Company
Date Published
June 10, 2021
Author
Michael Troute
Word count
2070
Language
English
Hacker News points
137

Summary

Amazon Aurora MySQL is a primary relational database for Plaid. In 2019, they noticed performance degradation on one of their Aurora clusters due to an errant long-running transaction on a read replica. This issue seemed to violate the assumption that read replica load should not impact writer performance. Digging deeper into the design and documentation of Aurora DB, Plaid identified the cause of the degradation and best practices to avoid it. In vanilla MySQL, transactions are isolated using multiversion concurrency control (MVCC), which allows each operation to behave as if it is the only operation running on the database. This is achieved through undo logs that can recreate prior states of rows by undoing updates. Long-running transactions can cause performance degradation for concurrent transactions, especially when querying heavily indexed tables with frequent changes. Aurora MySQL differs from vanilla MySQL in its persistence and replication models.
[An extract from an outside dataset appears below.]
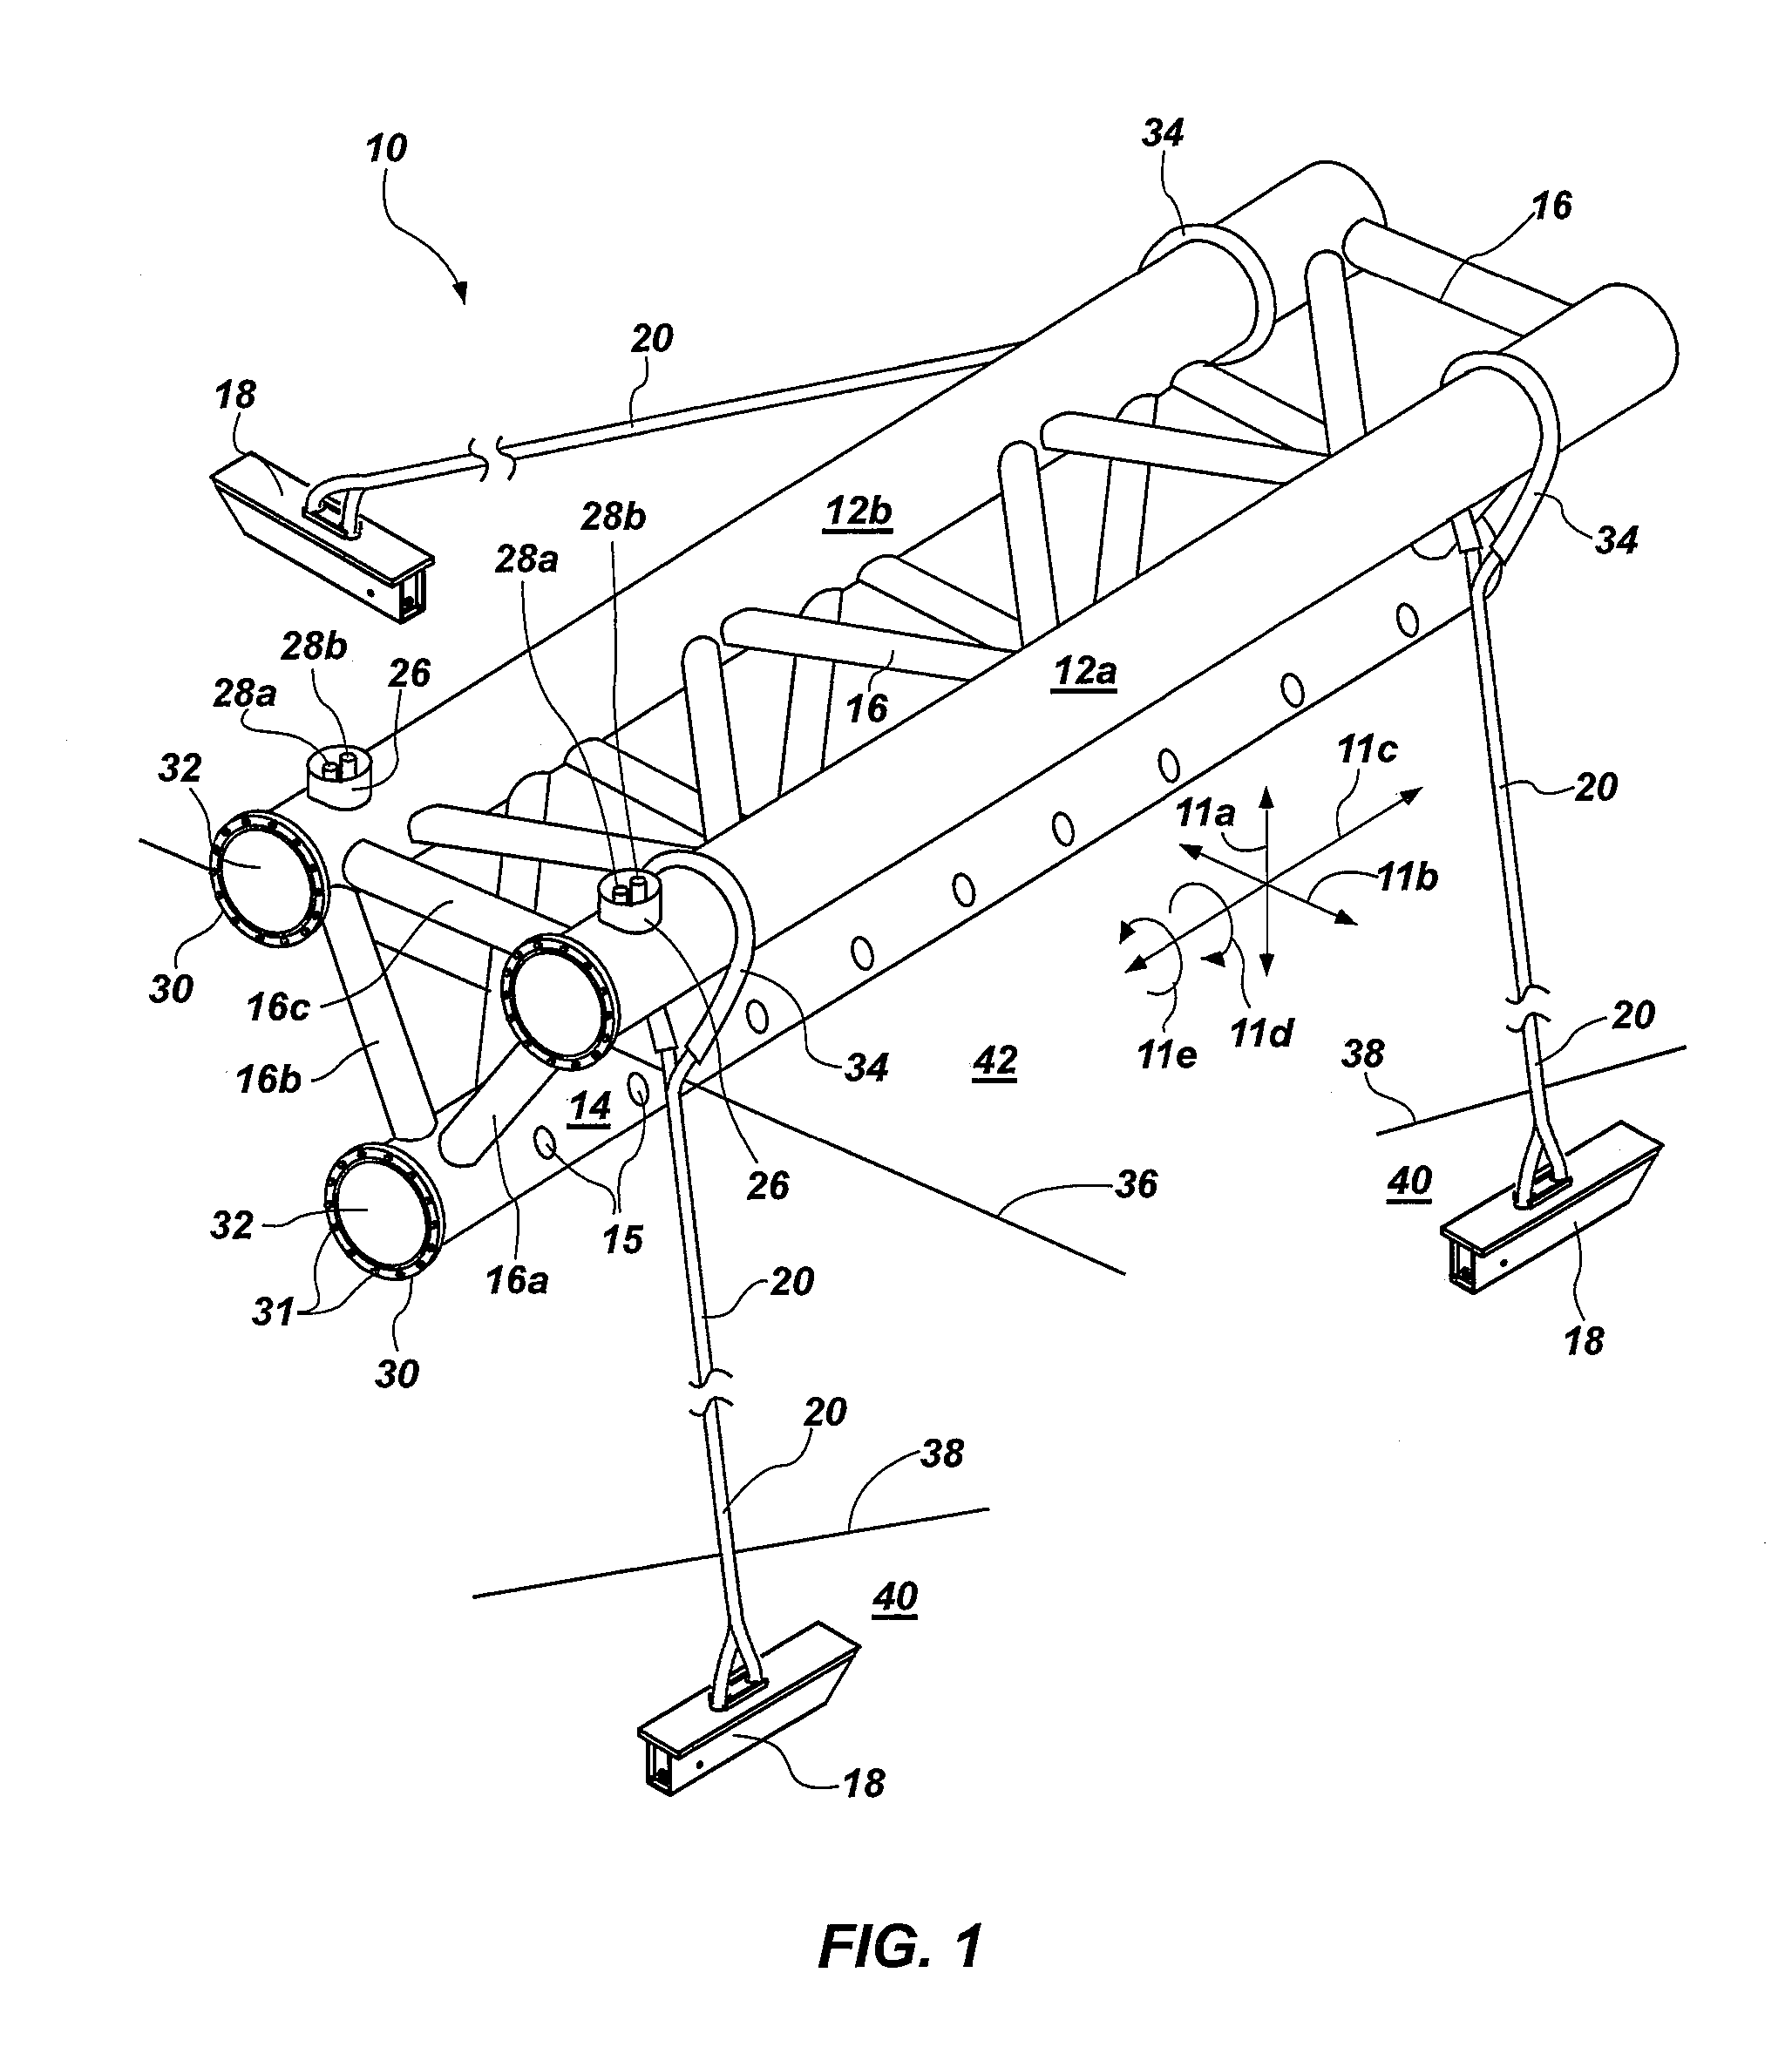 Wave attenuation system and method

In Aurora, compute (query execution) and storage (durably persisting data to disk) happen on different instances. Persistence and replication are both accomplished using the redo log. Reader and writer instances share a set of undo logs, which can lead to performance degradation when long-running read replica transactions occur. Mitigation strategies for this issue include reducing transaction isolation levels for replica instances, monitoring rollback segment history list length, performing potentially long-running reader queries on binlog replicas, exporting snapshots to S3 as Apache Parquet files, and using a clone to handle long-running reads.